Фридман глянул в ноты.

– Расучите? Что это – расучите? Нато икрать – путим икрать. Spielen, ja.

Он раскатисто картавил.

– Wollen Sie hoeren? Фи хотшит слюшит?

Не дожидаясь ответа, пианист взбежал на эстраду и направился к инструменту. Каюков продолжал безучастно смотреть в одну точку.
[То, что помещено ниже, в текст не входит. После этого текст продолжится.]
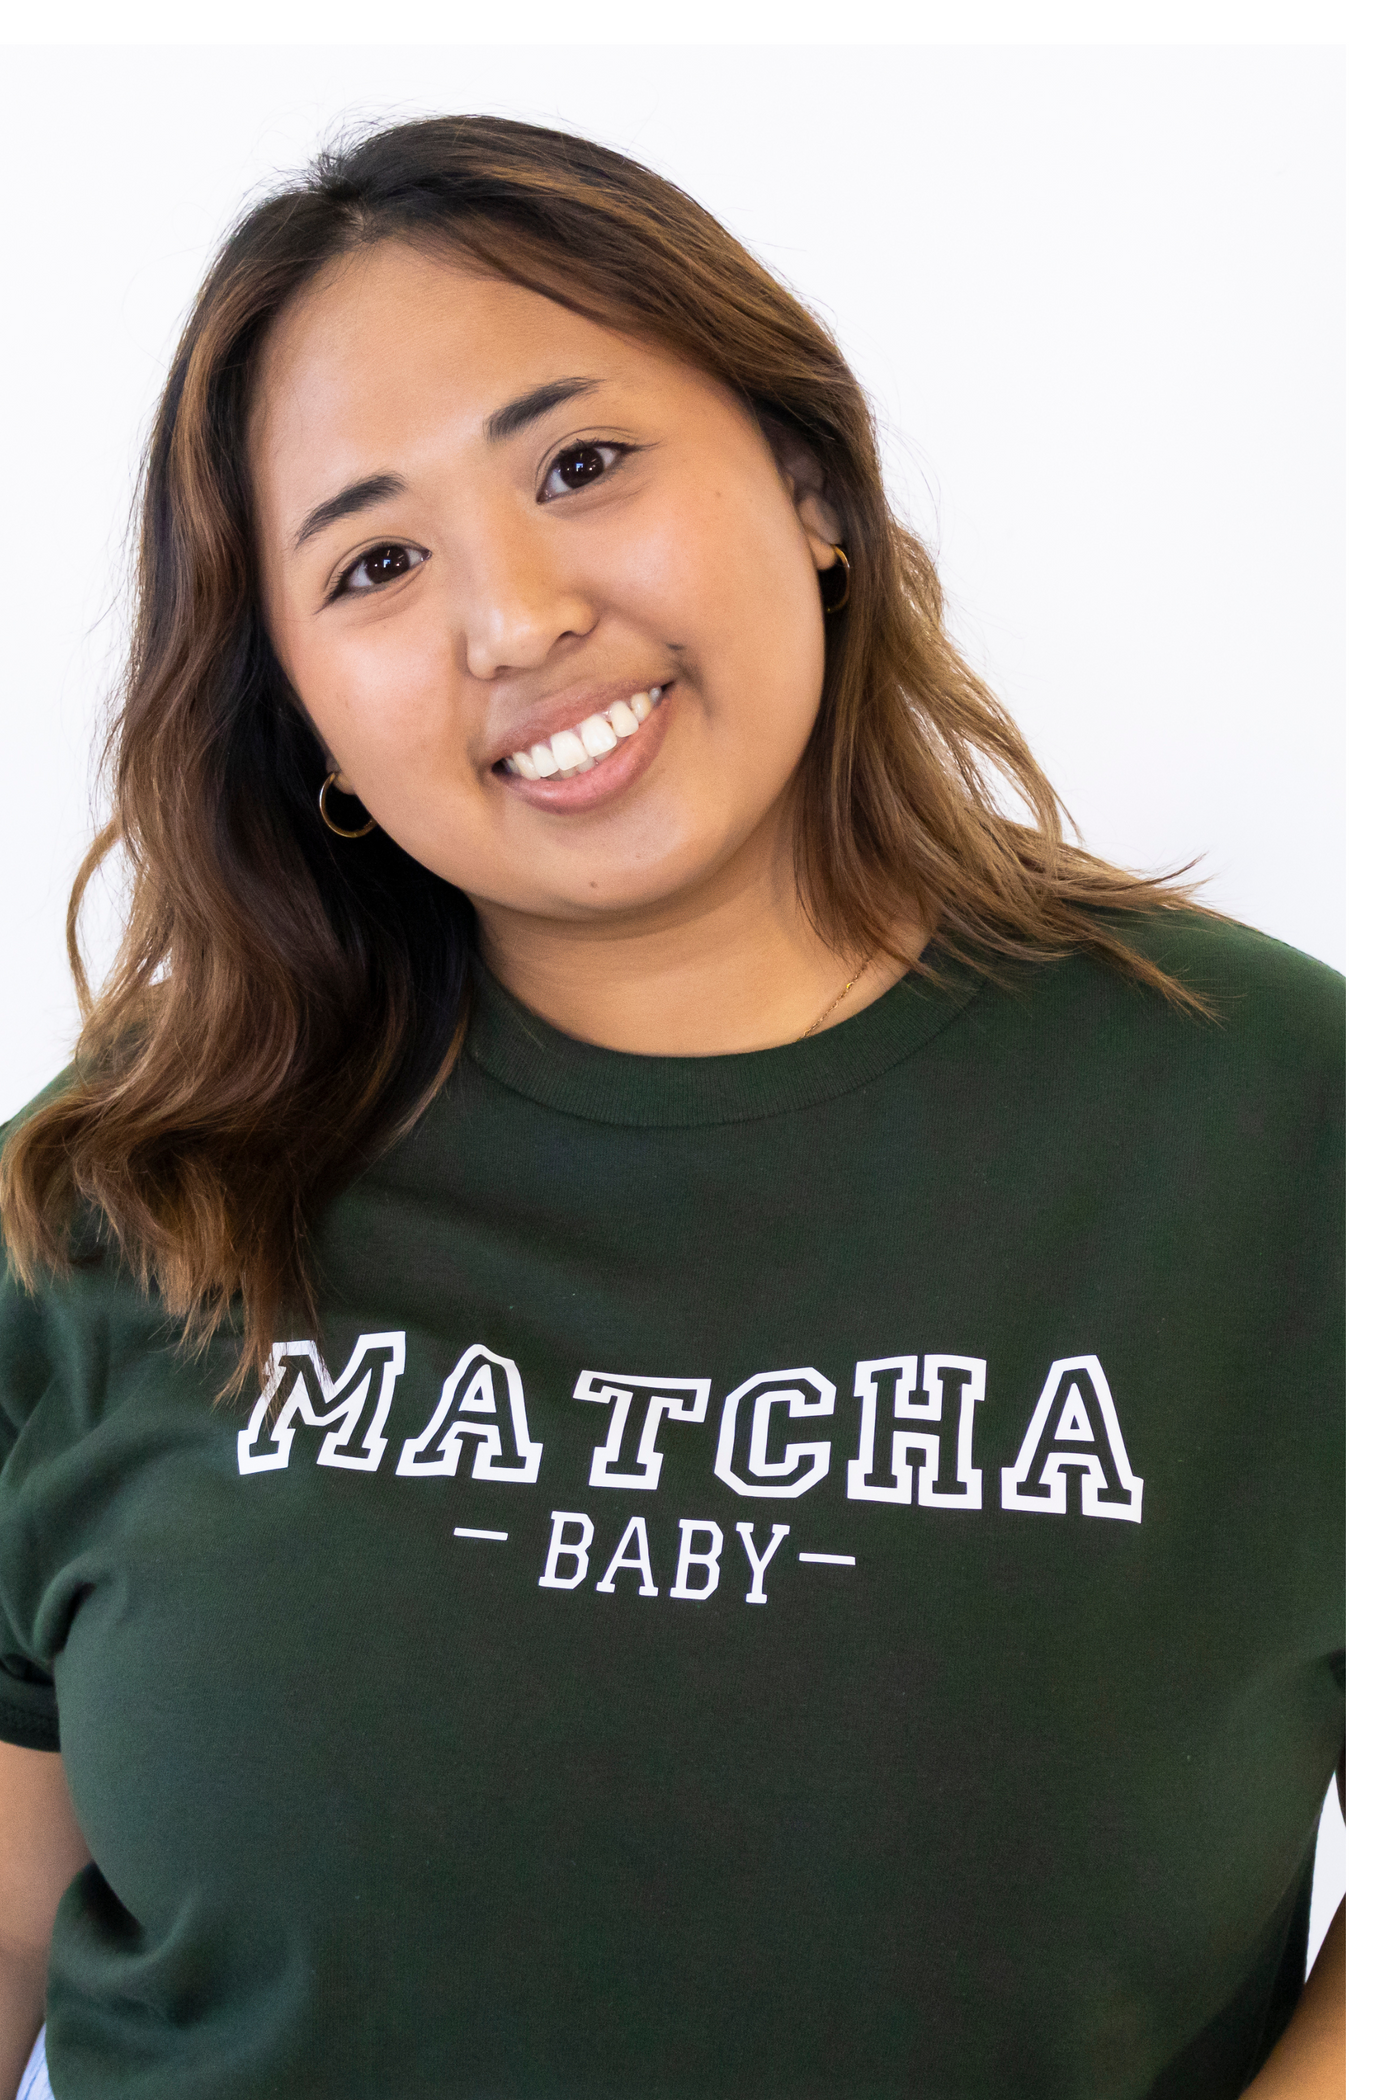 Matcha Lover's Delight: Premium Matcha baby T-shirt - A Perfect Gift for Matcha Tea Enthusiasts

Фридман установил ноты, придвинул стул и, опускаясь на него, произвёл движение, которое запомнилось мне своей странностью и, казалось, бессмысленностью; суть же его стала мне понятна по прошествии лет: привычным и даже чуть-чуть небрежным жестом он как бы откинул фалды фрака,

погасли огни люстр, зрители

мужчины в чёрных смокингах с бабочками, женщины в мехах и брильянтах

устремили свои взгляды на ярко освещённую сцену, где их кумир

короткую паузу выдержал – и заиграл.

В дверном проёме оркестрантской показались музыканты. Билетёрша, кассирша, уборщица со шваброй, перепачканный краской художник с кистью в одной руке и недопитой бутылкой в другой, вечно всем недовольная администраторша – все, кто в этот час были в кинотеатре, столпились перед эстрадой. Зрители, стоявшие позади застеклённой двери, начали заглядывать и несмело входить внутрь.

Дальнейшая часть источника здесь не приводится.